Старое сердце бешено металось, ударяя о ребра, будто хотело выскочить из этой расшатанной непрочной клетки, а руки дрожали и впивались в изодранную портьеру, как в последнее прибежище, могущее хоть на минуту заслонить собой новое, чудодейственное, ужасное, чего никак не могла постичь скудная мысль старика.
Отдышавшись, он присел на связку книг и стал раздумывать.
Идея ночного появления перед жильцами дома потускнела в его мозгу, утратила так забавлявший его раньше характер экстравагантности, и он стал размышлять о ночном визите без всякого удовольствия, как о тяжелой, неприятной обязанности.
К вечеру старый Павел немного успокоился.
Часам к десяти разыскал в углу совиное крыло, служившее ему платяной щеткой, и принялся за приведение в порядок своего туалета.
— Так вот я и сделаю: засмеюсь, скрипну зубами и скажу им: «А вы что тут делаете?» Воображаю!..
И старый призрак залился беззвучным довольным смехом.
— А, вы здесь? — скажу я им. — Что вы такое тут поделываете?! Могу вообразить, что будет с ними! Только винтиков не надо трогать… Удивительные у них винтики.
Из гостиной слышалось пение какого-то романса.
Старик приостановился и притаил дыхание.
— Приют… Пойте, пойте, голубчики! — язвительно кивнул он головой. — Как-то вы сейчас запоете… хе-хе…
Подождав, когда певец взял самую высокую ноту, старик схватился за дверную ручку, распахнул обе половинки дверей и медленно, торжественно вошел в гостиную.
— Умру ли я, стрелой пронзенный… — заливался голос певца.
Сбитый с толку старик, опустив вздернутые торжественным и строгим жестом руки, осунулся и робко пошел на голос певца.
Перед ним стояла виденная им на рассвете труба, и из ее пасти тот же голос меланхолично мурлыкал: «иль мимо пролетит она…»
Дико и страшно вскрикнул старый призрак.
Опять схватился он руками за голову и бросился вон из комнаты, стараясь не слышать ужасного певца.
Но старик не имел мужества бежать опять на свой чердак… После всего виденного чердак казался ему ненадежным убежищем.

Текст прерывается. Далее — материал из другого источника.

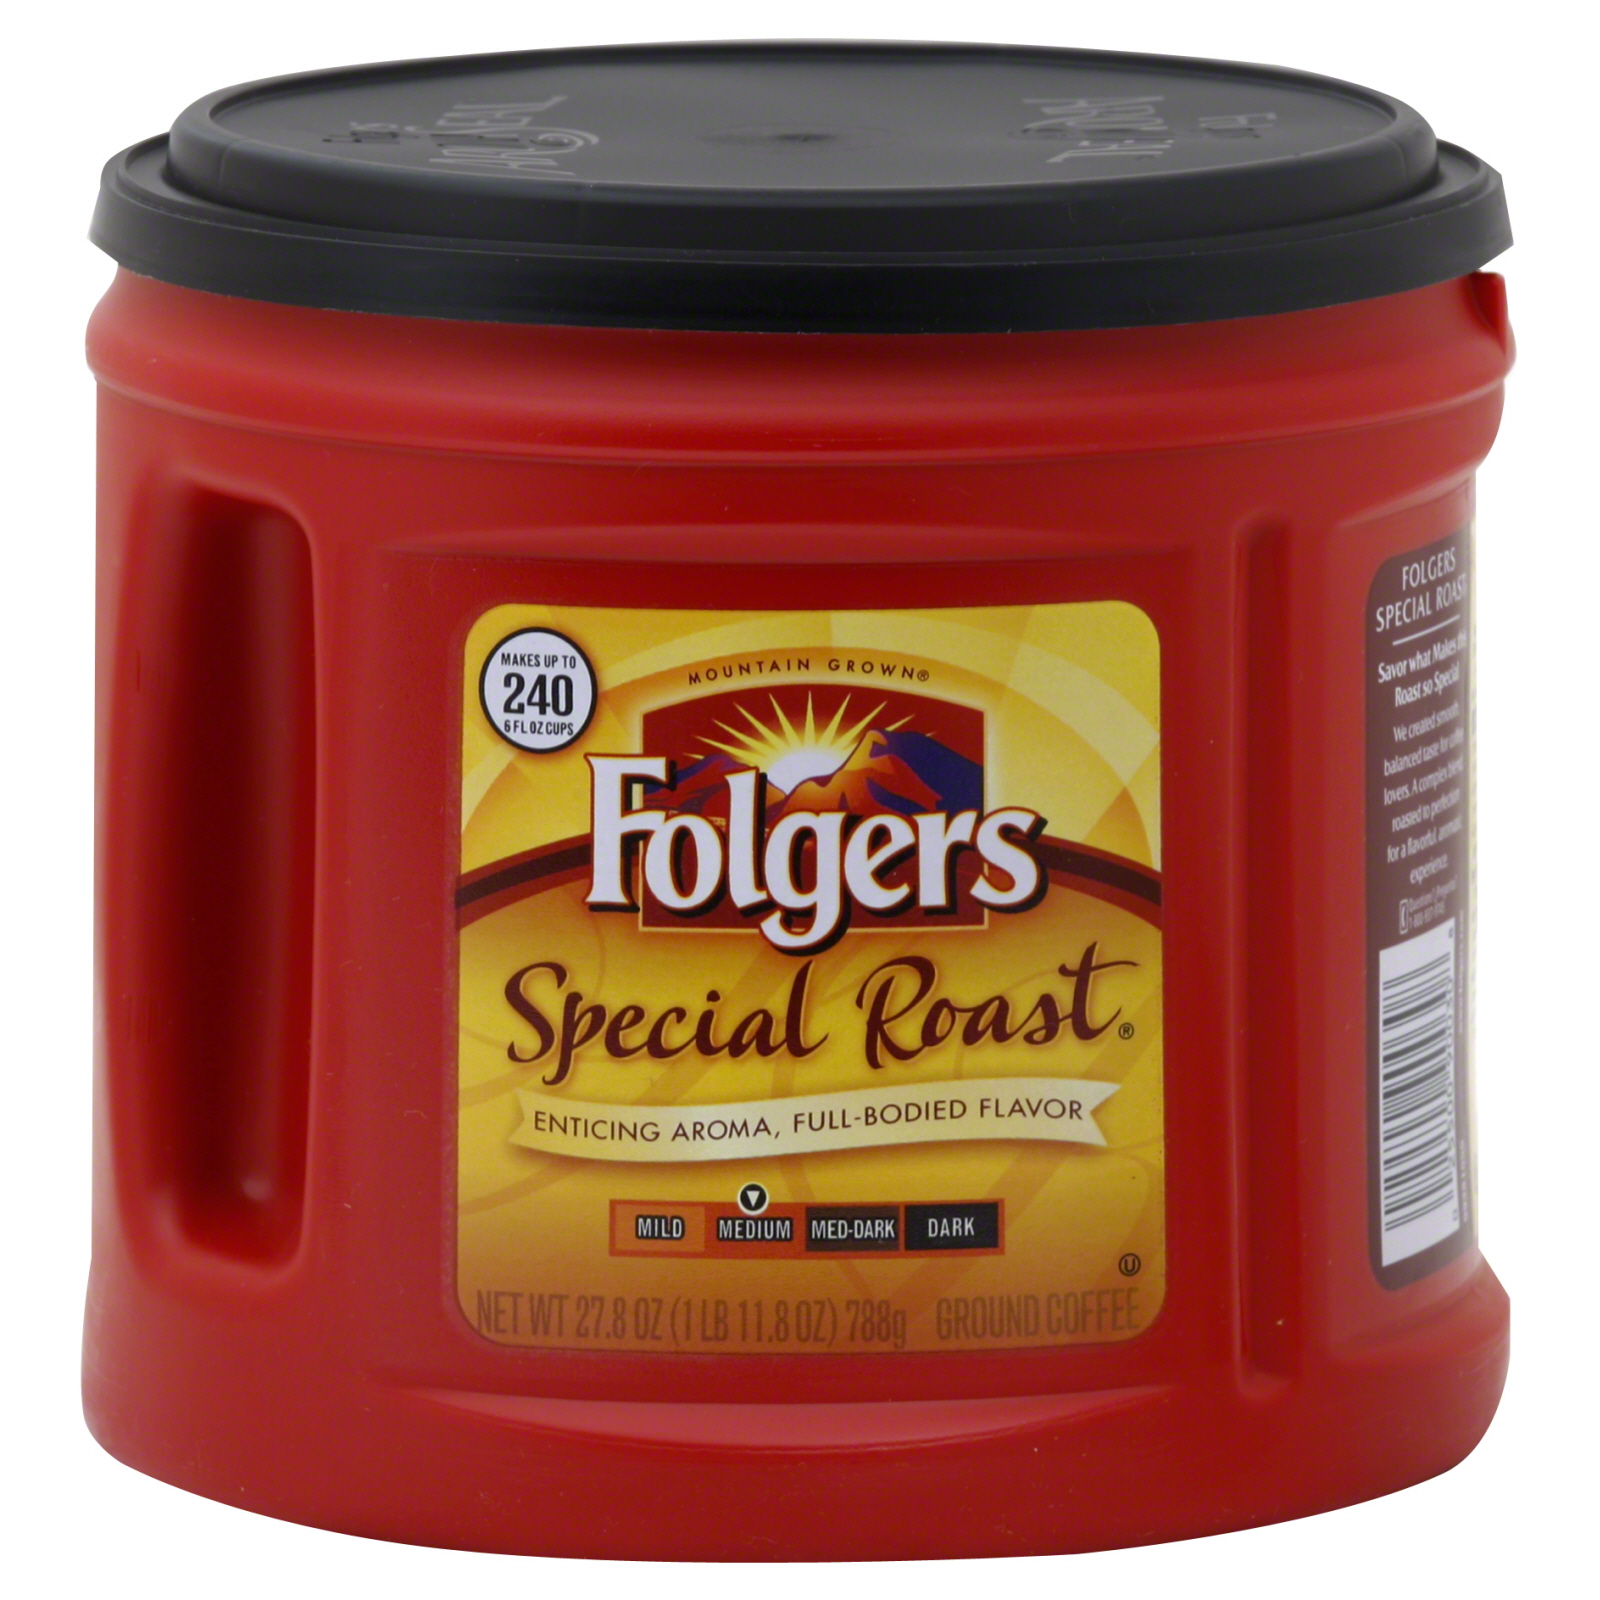 Folgers Special Roast Coffee, Ground, Medium 27.8 oz (1 lb 11.8 oz) 788 g

В передней он заметил дверь, ведущую в сад.
Дрожащей рукой приоткрыл ее оторопевший старик и тихо выскользнул на холодный воздух.
Луна с усилием выкарабкивалась из-за туч…
С тихим шуршанием падали беспомощные листья и устилали дорожки…
Старик съежился, кашлянул и, прижимая руки к бьющемуся сердцу, тихо побрел по песчаной дорожке.
Будущее рисовалось ему полным безотрадности и разных ужасов… Мир сделался загадочным, непонятным; на каждом шагу чудились неожиданности и страхи… Теплое насиженное гнездо потеряло свою безопасность, и он вовсе не мог поручиться, что когда-нибудь, во время его сна на портьере, странная машина не вскарабкается по лестнице на чердак и не заорет ему над ухом какую-нибудь страшную песню.
В мире старик был совершенно одинок.
Раньше в этом доме обитали и другие призраки, но все они, благодаря ворчливости и неуживчивому характеру старого Павла, давно разбрелись по свету — кто куда.
Из каждой голой ветки дерева, из каждого куста смотрело на никому не нужного призрака — полное одиночество.